▶ [What to do]: Repeat the data verbatim, images excluded.

▶ [Supplied information]:

---

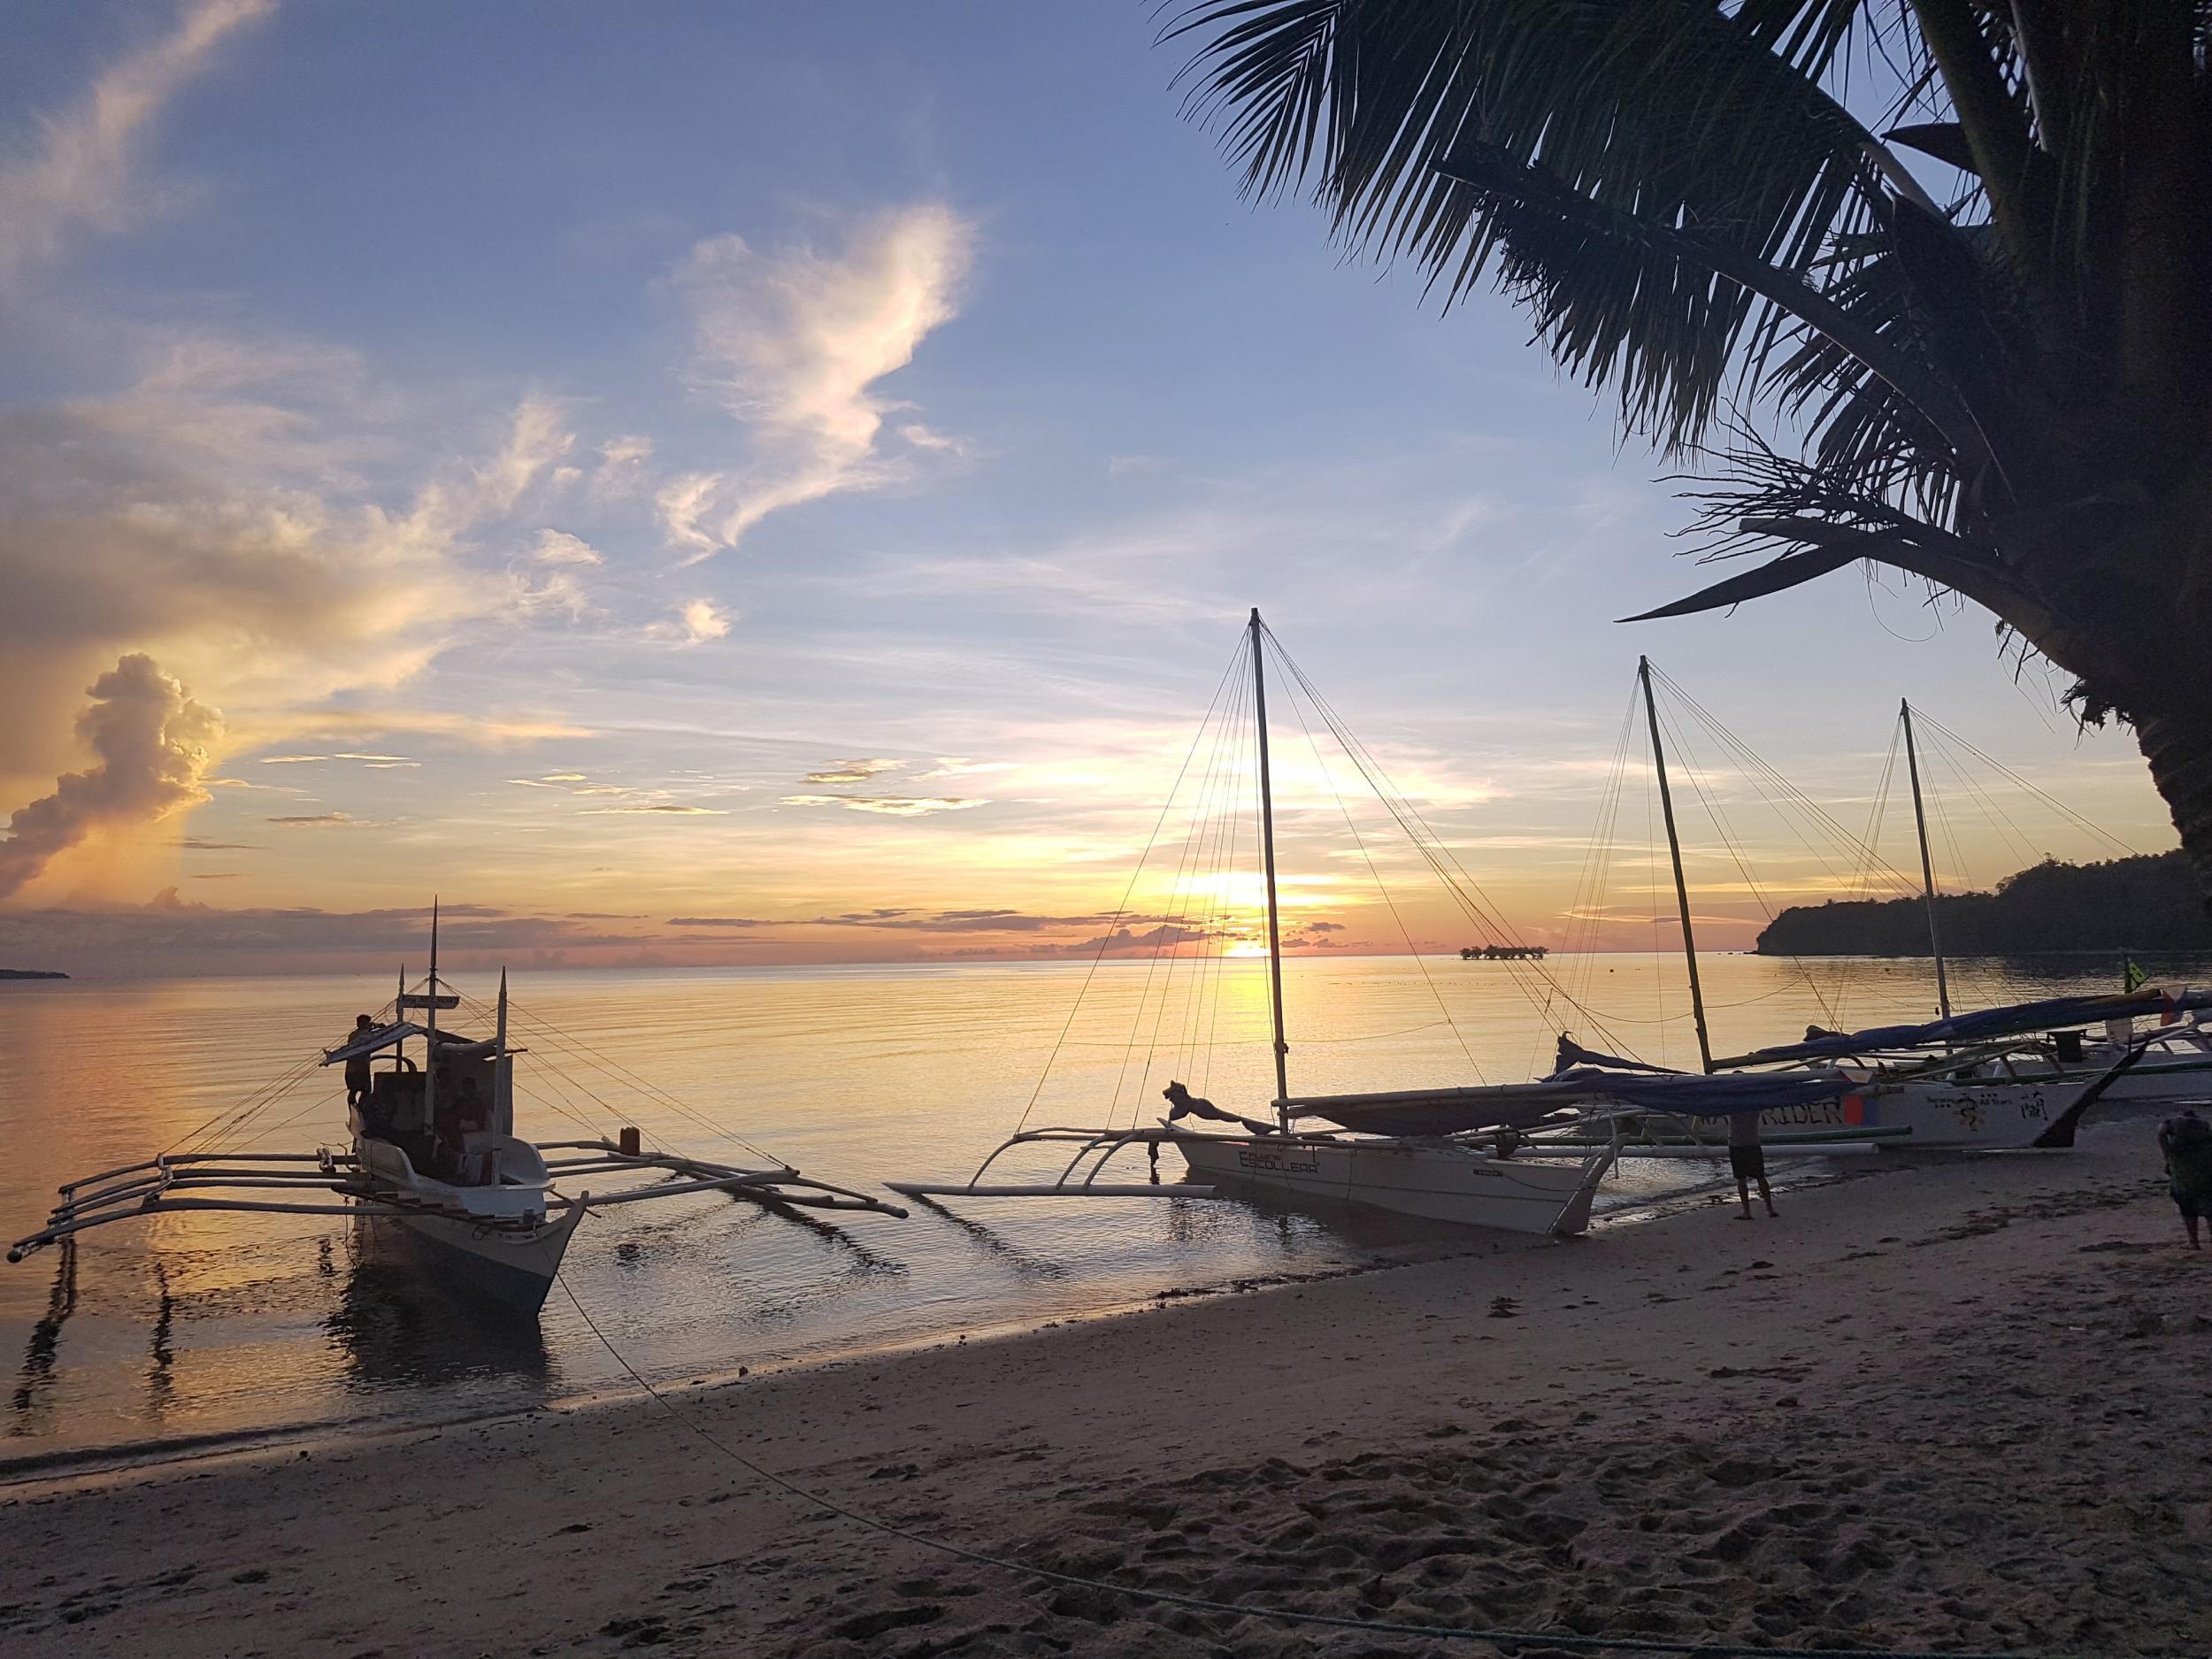 Locals use traditional paraw boats to get around from island to island
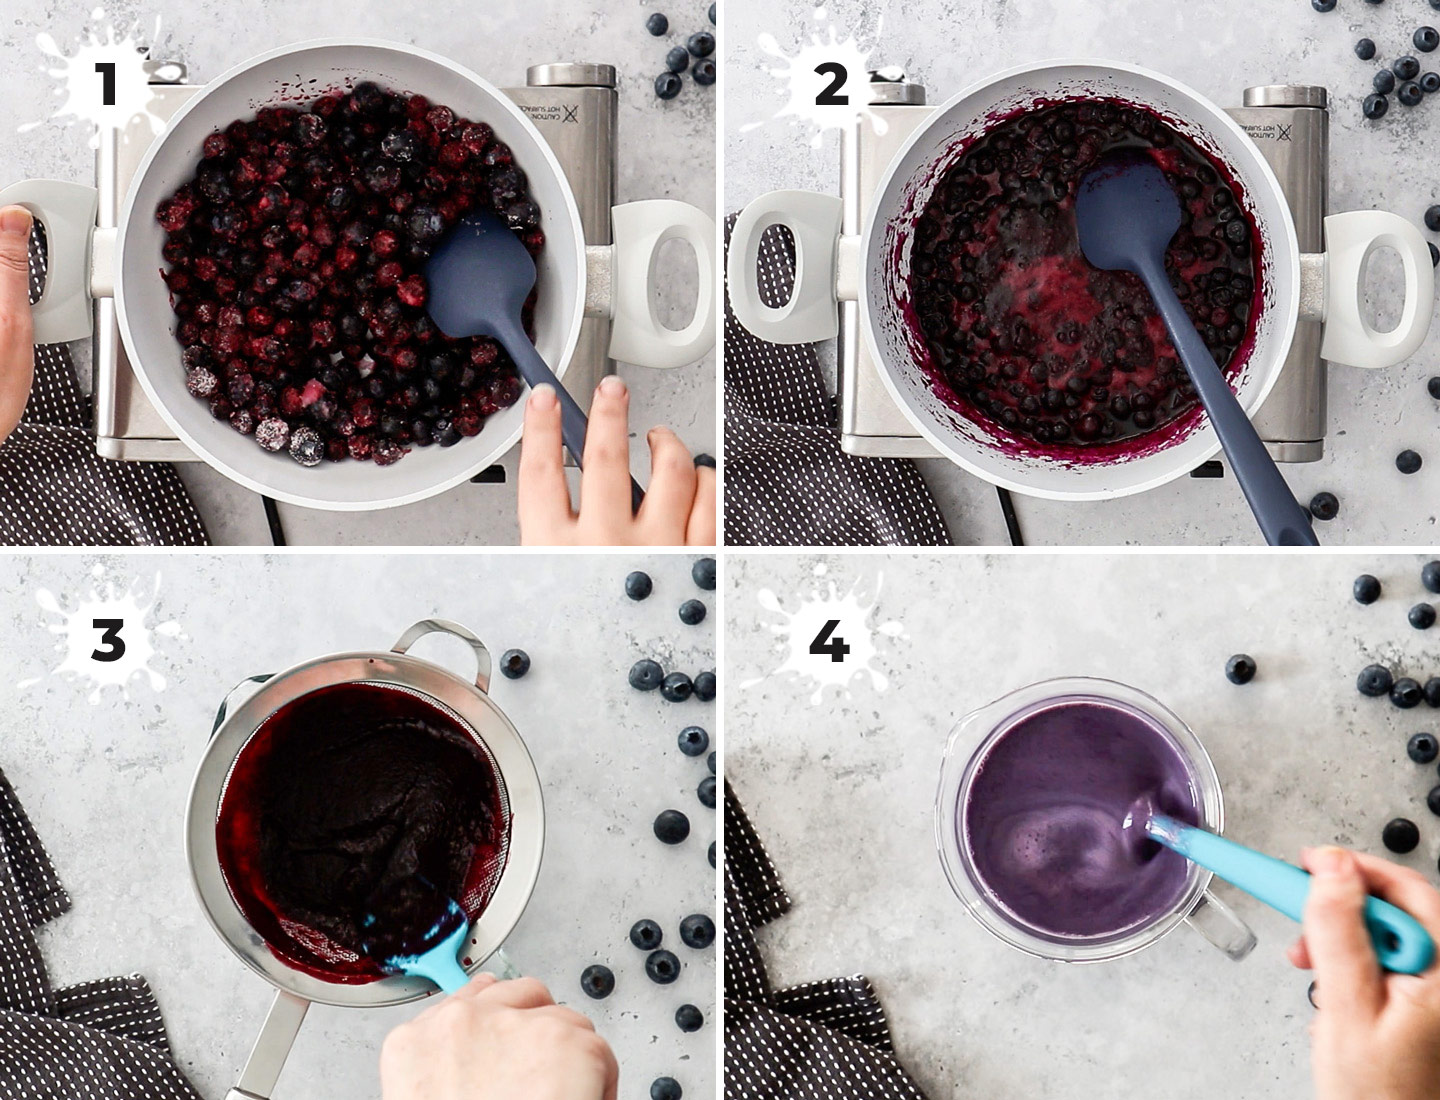 A collage showing how to make blueberry milk.
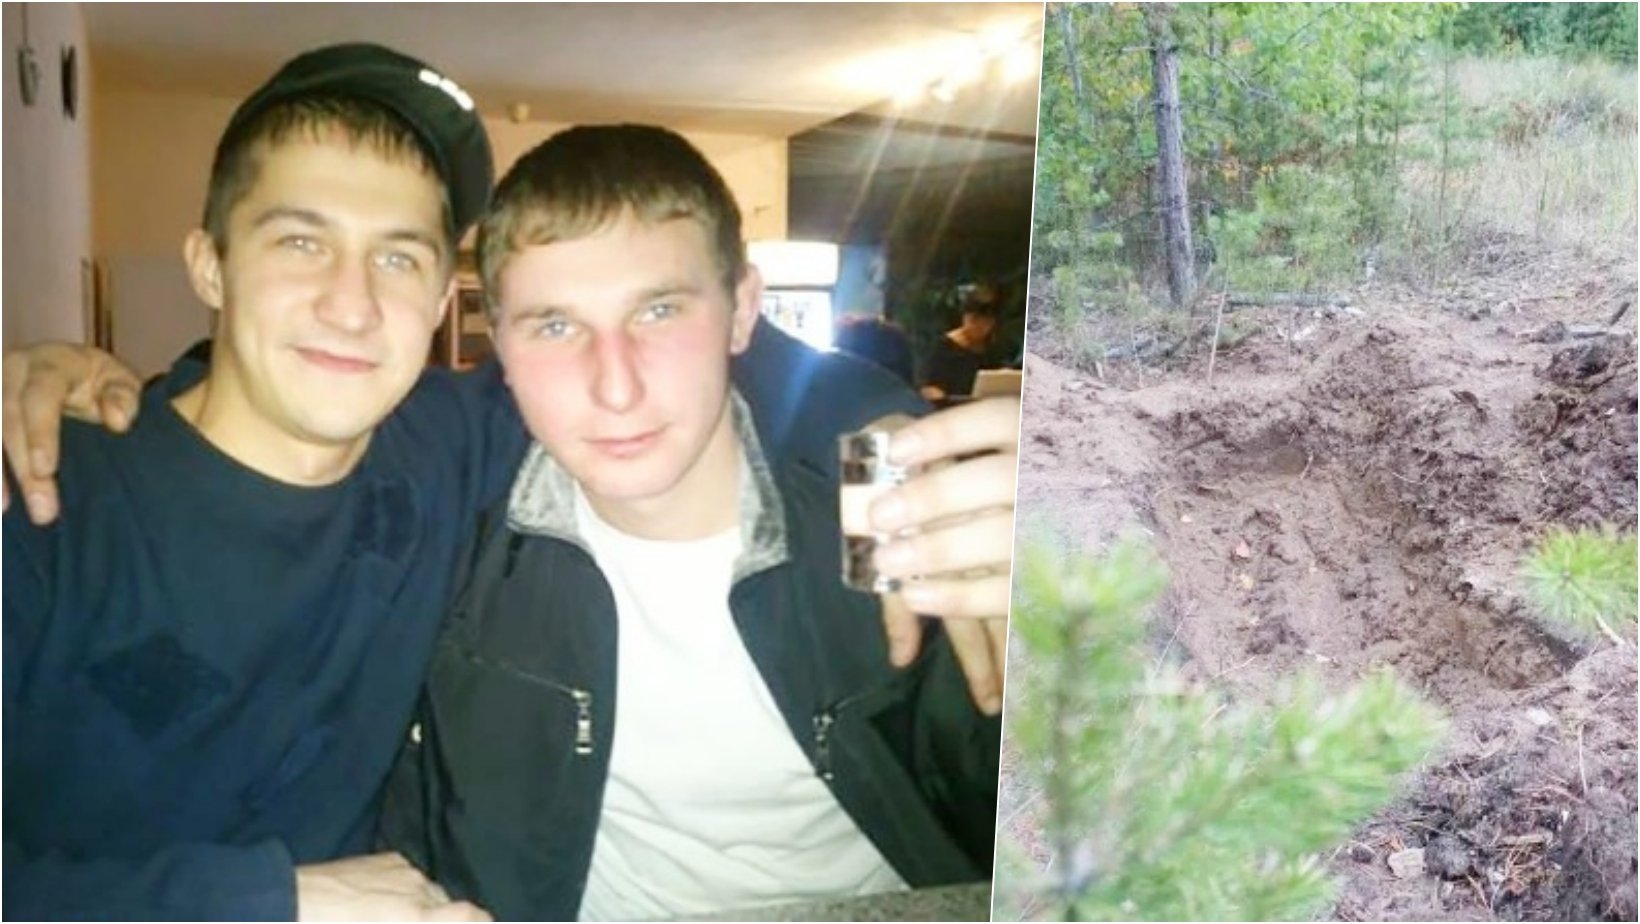 Outraged Father Forced His Pedo Friend To Dig His Own Grave After Finding A Video Of Him Abusing
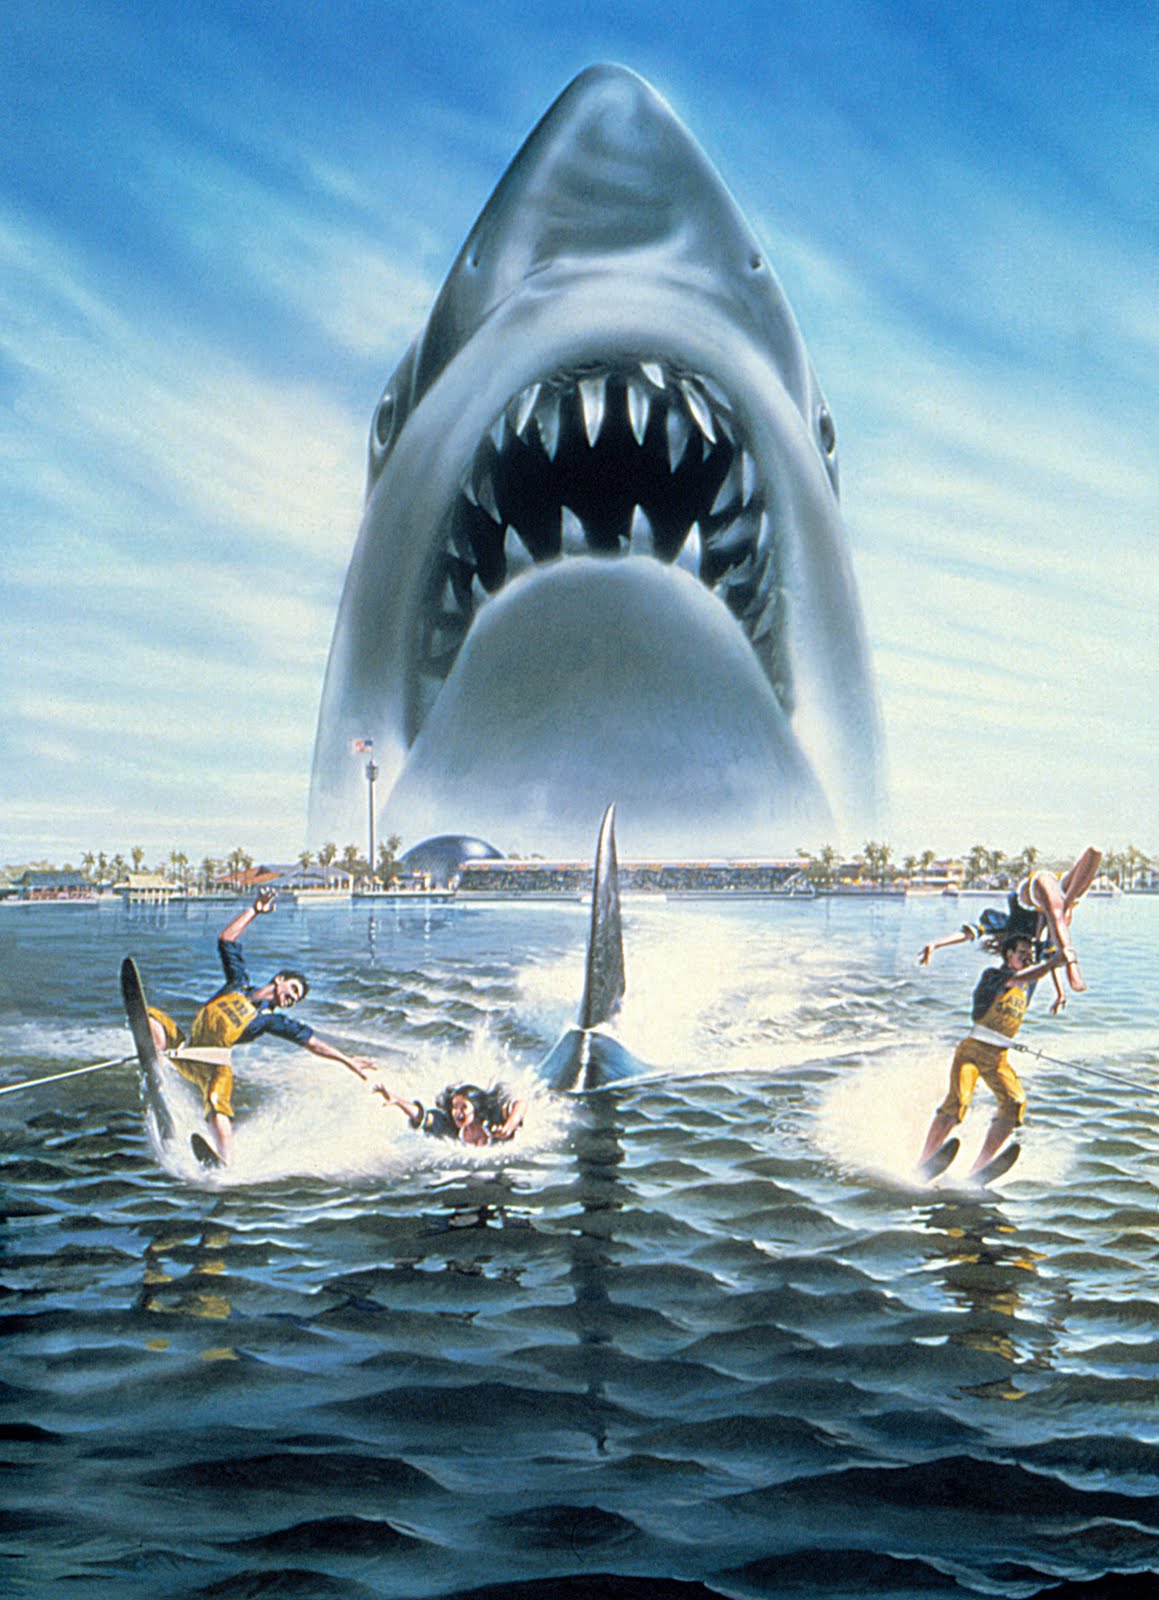 Jaws 23293 Hd Wallpapers in Movies   Imagescicom 1159x1600

---

▶ [Result]:
 Locals use traditional paraw boats to get around from island to island
 A collage showing how to make blueberry milk.
 Outraged Father Forced His Pedo Friend To Dig His Own Grave After Finding A Video Of Him Abusing
 Jaws 23293 Hd Wallpapers in Movies   Imagescicom 1159x1600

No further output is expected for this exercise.